F 20. Балансировать на грани
Шрифт:
— Зато он вам должен, да? — мой наполненный на одну треть вином бокал спикировал сначала мне на колени, а потом на плитку, после чего звонко треснул, расщепившись на три части. — Несчастные родители, у сына которых поехала крыша! Проглотив позор, они вынужденные тащить на себе безнадежного шизофреника, откупаясь от своей совести самыми дорогими таблетками, которые, вероятно, должны помочь ему. Так, да? Ты тоже считаешь, что Олег тебе должен что-то? — взорвалась я.

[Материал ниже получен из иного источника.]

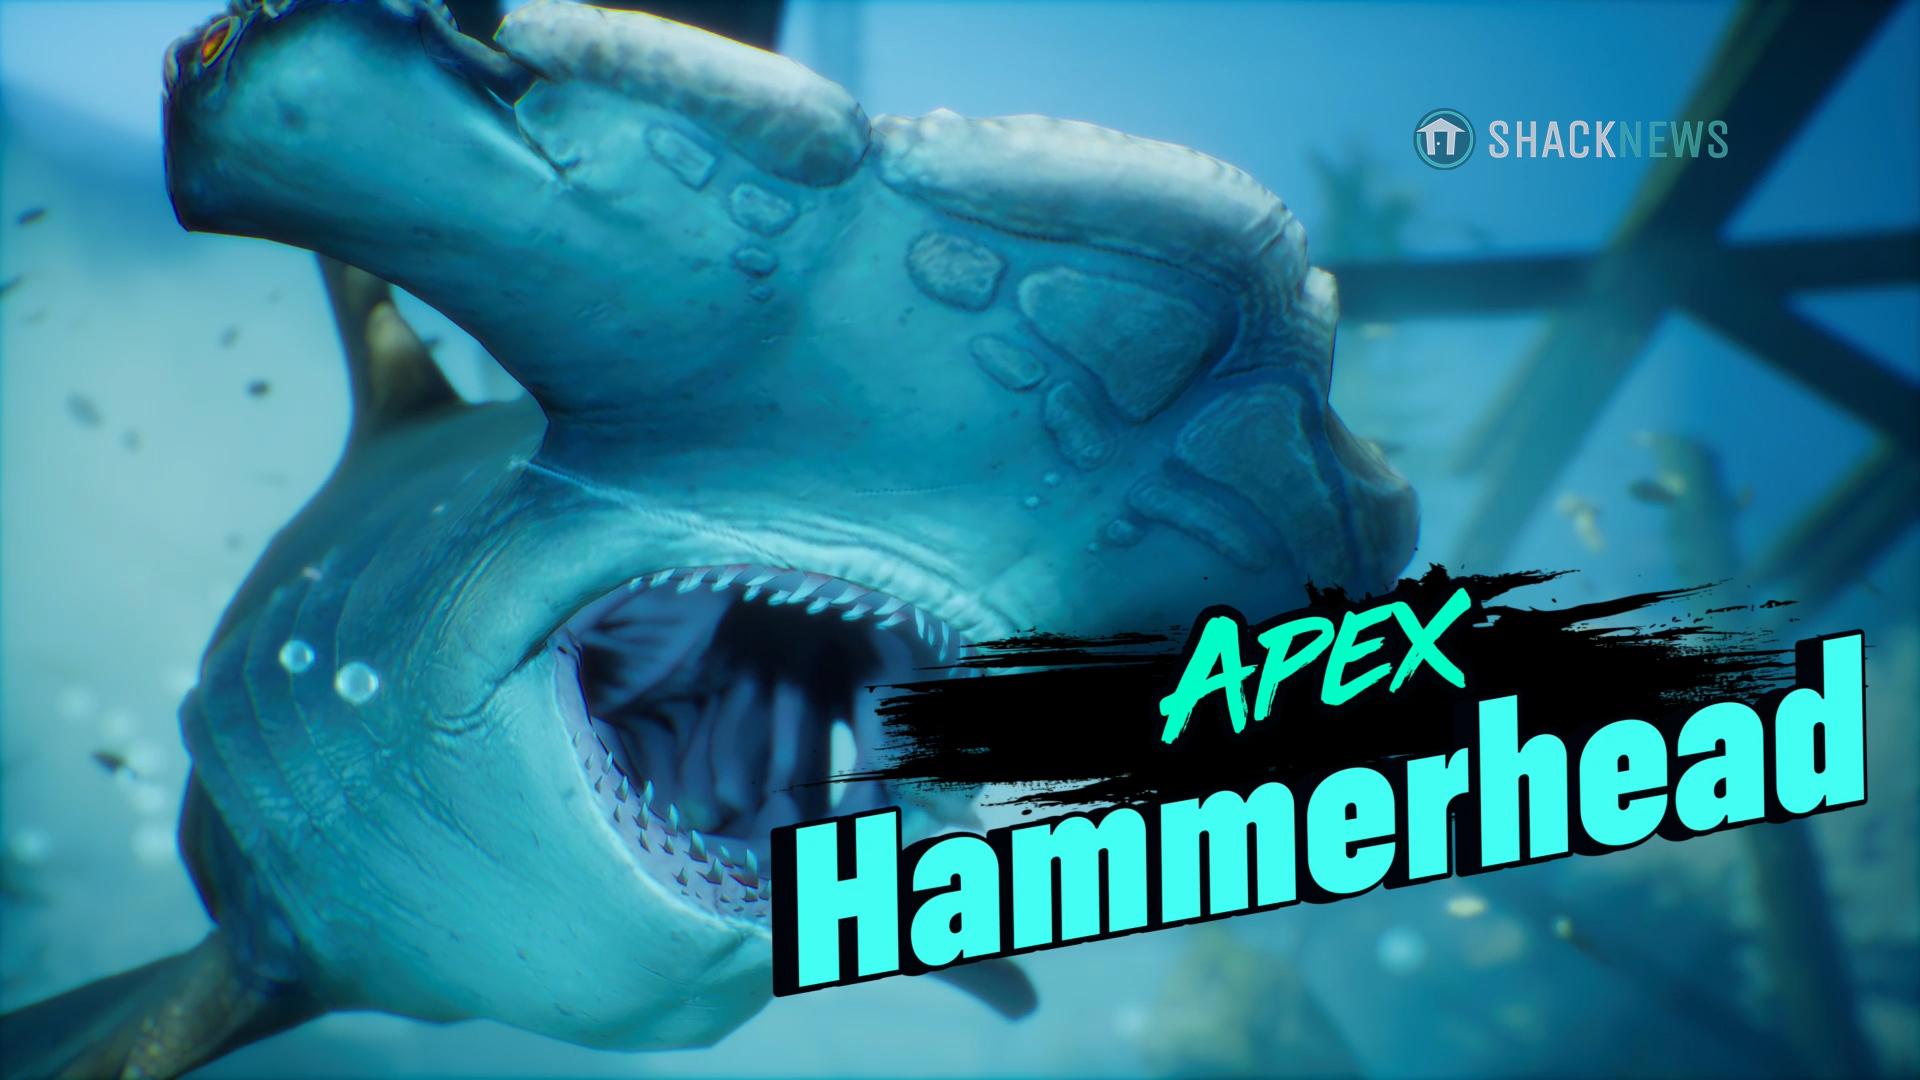 maneater apex predator hammerhead

— Аля… — Катя соскочила следом со мной со стула и взмахнула руками.
— Хочешь знать, что я на самом
— Все, я ухожу, — Катя направилась к двери, но меня было не остановить:
— Послушай меня и запомни раз и навсегда. Олег вам более ничего не должен. Он мой, слышишь? Мы справимся сами со всеми рецидивами, которые нам уготованы, мы накопим на лекарства и решим, что для него лучше, а что нет. И ты, и твои родители могут перестать, наконец, мучиться угрызениями совести, я о нем позабочусь.
— Ты одна не справишься, — Катя резко обернулась, — Аля, он уже подставил тебя на работе, ваше самолечение приведет к тому, что он забудет выключить утюг или газ, спрыгнет с балкона или порежет себе вены, как это случалось в прошлые разы. Ты понятия не имеешь, с какой проблемой столкнулась. И отказываешься слушать что-либо. Мы заботились об Олеге так, как было нужно. Заметь, каким он был, когда вы познакомились, и каким стал сейчас.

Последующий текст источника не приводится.